This notebook shows the procedure to deploy an ensemble of [XGBoost model](https://xgboost.readthedocs.io/en/latest/) in Triton Inference Server with Forest Inference Library (FIL) backend. The FIL backend allows forest models trained by several popular machine learning frameworks (including XGBoost, LightGBM, Scikit-Learn, and cuML) to be deployed in a Triton inference server using the RAPIDS Forest Inference LIbrary for fast GPU-based inference. Using this backend, forest models can be deployed seamlessly alongside deep learning models for fast, unified inference pipelines.

For the ensemble, [Business Logic Scripting(BLS)](https://github.com/triton-inference-server/python_backend/blob/main/README.md#business-logic-scripting) in Triton python custom backend is used.

This notebooks runs in Triton NGC docker container: nvcr.io/nvidia/tritonserver:22.01-py3

### Contents
* [Train XGBoost model on dummy data](http://localhost:7001/notebooks/simple_xgboost_example.ipynb#Train-XGBoost-model)
* [Export, load and deploy XGBoost model in Triton Inference Server](http://localhost:8888/notebooks/simple_xgboost_example.ipynb#Export,-load-and-deploy-XGBoost-model-in-Triton-Inference-Server)
* [Determine throughput and latency using Perf Analyzer](http://localhost:7001/notebooks/simple_xgboost_example.ipynb#Determine-throughput-and-latency-with-Perf-Analyzer)
* [Find best configuration using Model Analyzer](http://localhost:7001/notebooks/simple_xgboost_example.ipynb#Find-best-configuration-using-Model-Analyzer)
* [Deploy model with best configuration](http://localhost:7001/notebooks/simple_xgboost_example.ipynb#Deploy-model-with-best-configuration)
* [Triton Client](http://localhost:7001/notebooks/simple_xgboost_example.ipynb#Triton-Client)
* [Conclusion](http://localhost:7001/notebooks/simple_xgboost_example.ipynb#Conclusion)

## Requirements

* Nvidia GPU (Pascal+ Recommended GPUs: T4, V100 or A100)
* [Latest NVIDIA driver](https://docs.nvidia.com/datacenter/tesla/tesla-installation-notes/index.html)
* [Docker](https://docs.docker.com/get-docker/)
* [The NVIDIA container toolkit](https://docs.nvidia.com/datacenter/cloud-native/container-toolkit/install-guide.html#docker)

## Setup

To begin, check that the NVIDIA driver has been installed correctly. The `nvidia-smi` command should run and output information about the GPUs on your system:"

In [None]:
!nvidia-smi

## Install XGBoost and Sklearn

We'd need to install XGBoost and SKlearn using the following pip3 commands inside the container as follows:

In [None]:
# Install sklearn and XGBoost
!pip3 install -U scikit-learn xgboost cupy-cuda115 google-cloud-aiplatform

## Train XGBoost model

If you have a pre-trained xgboost model, save it as `xgboost.model` and skip this step.
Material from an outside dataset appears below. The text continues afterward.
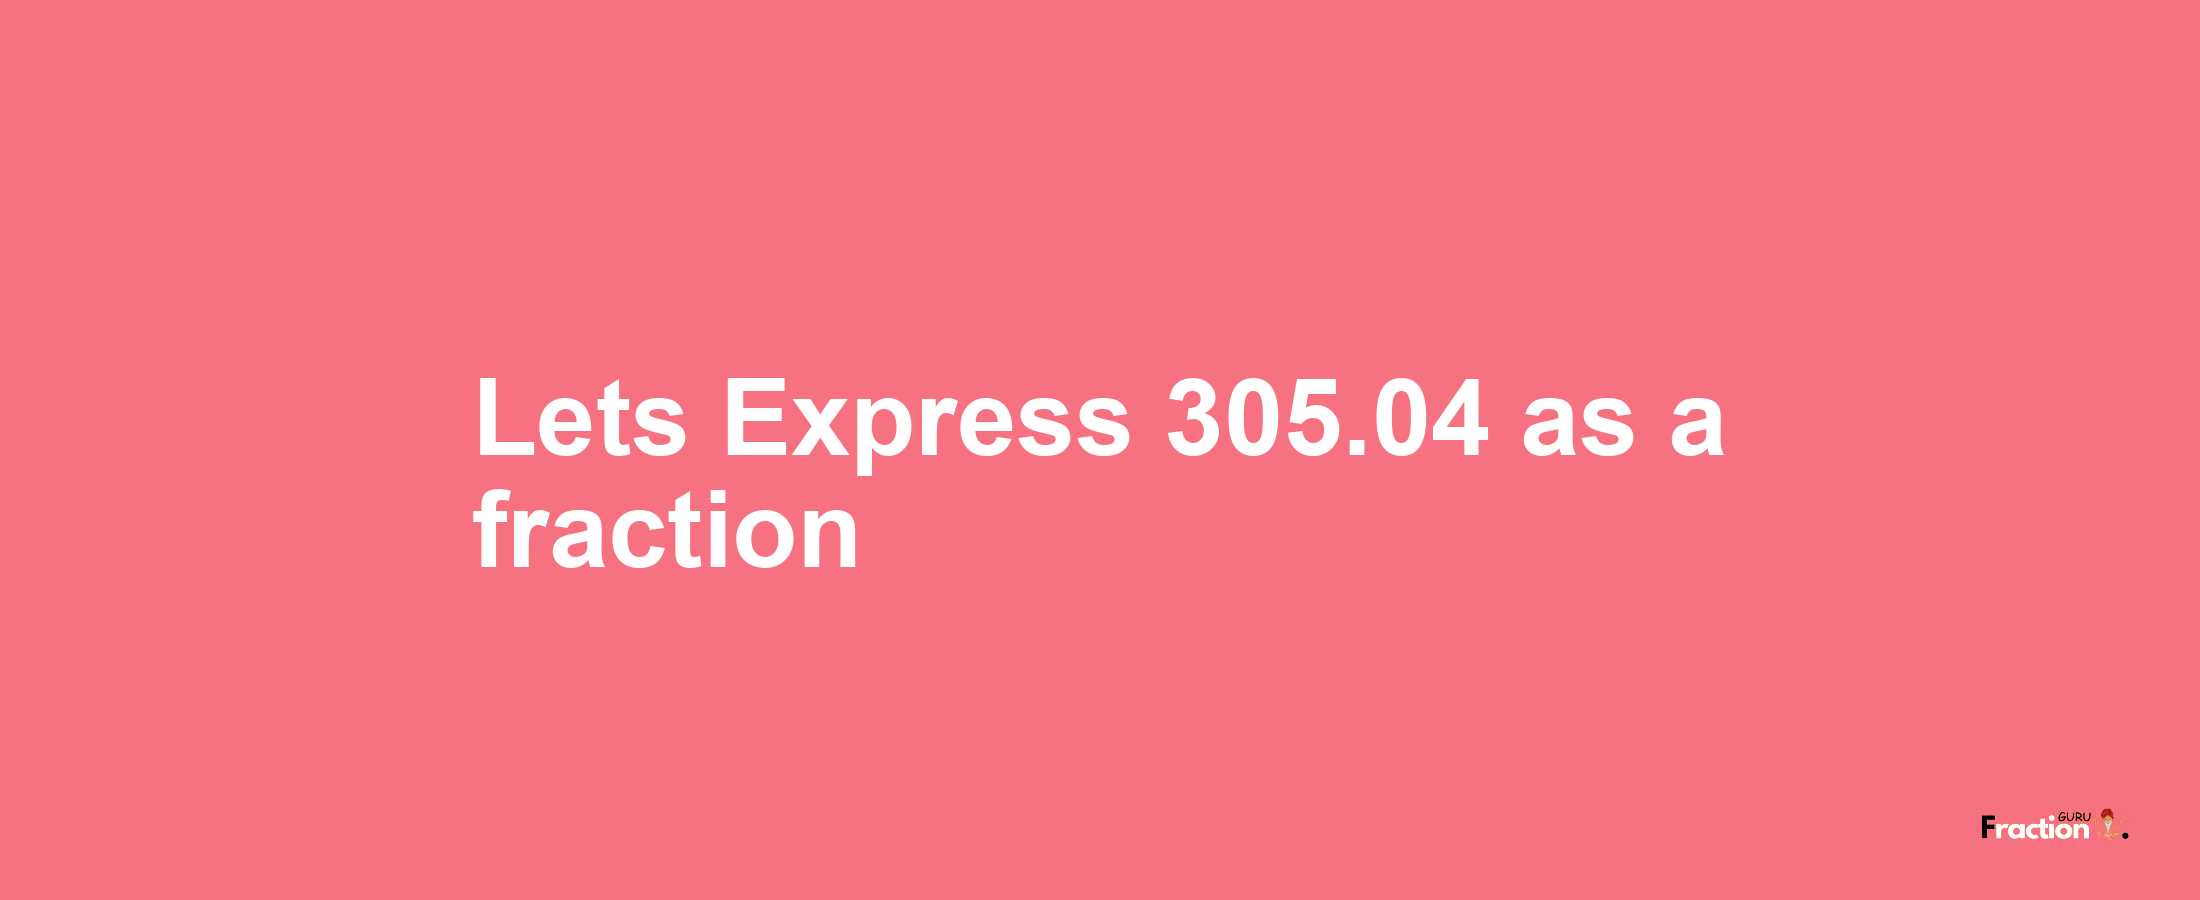 Lets Express 305.04 as afraction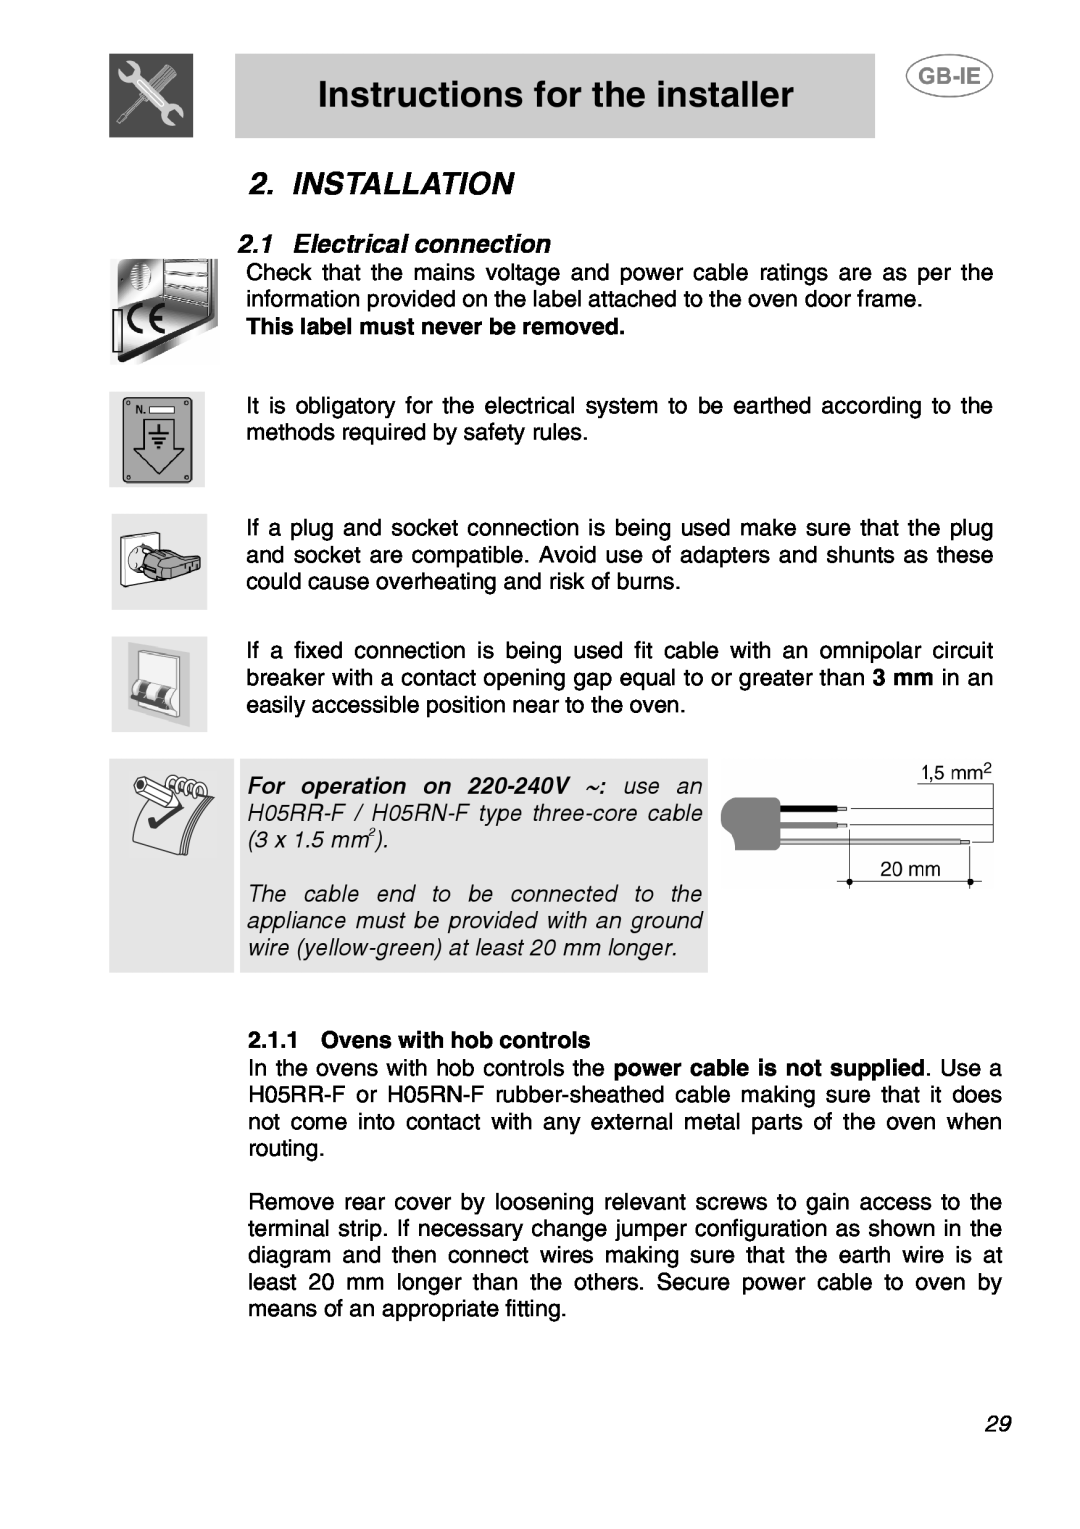 Smeg SA240X-5 manual Instructions for the installer, Installation, Electrical connection, This label must never be removed

We'll train a XGBoost model on random data in this section 

In [1]:
# Import required libraries
import numpy
from numpy import loadtxt
from xgboost import XGBClassifier
from sklearn.model_selection import train_test_split
from sklearn.metrics import accuracy_score

import os
import signal
import subprocess

In [None]:
# Generate dummy data to perform binary classification
seed = 7
features = 9 # number of sample features
samples = 10000 # number of samples
X = numpy.random.rand(samples, features).astype('float32')
Y = numpy.random.randint(2, size=samples)

test_size = 0.33
X_train, X_test, y_train, y_test = train_test_split(X, Y, test_size=test_size, random_state=seed)

In [None]:
model = XGBClassifier()
model.fit(X_train, y_train)

In [None]:
y_pred = model.predict(X_test)
accuracy = accuracy_score(y_test, y_pred)
print("Test Accuracy: {:.2f}".format(accuracy * 100.0))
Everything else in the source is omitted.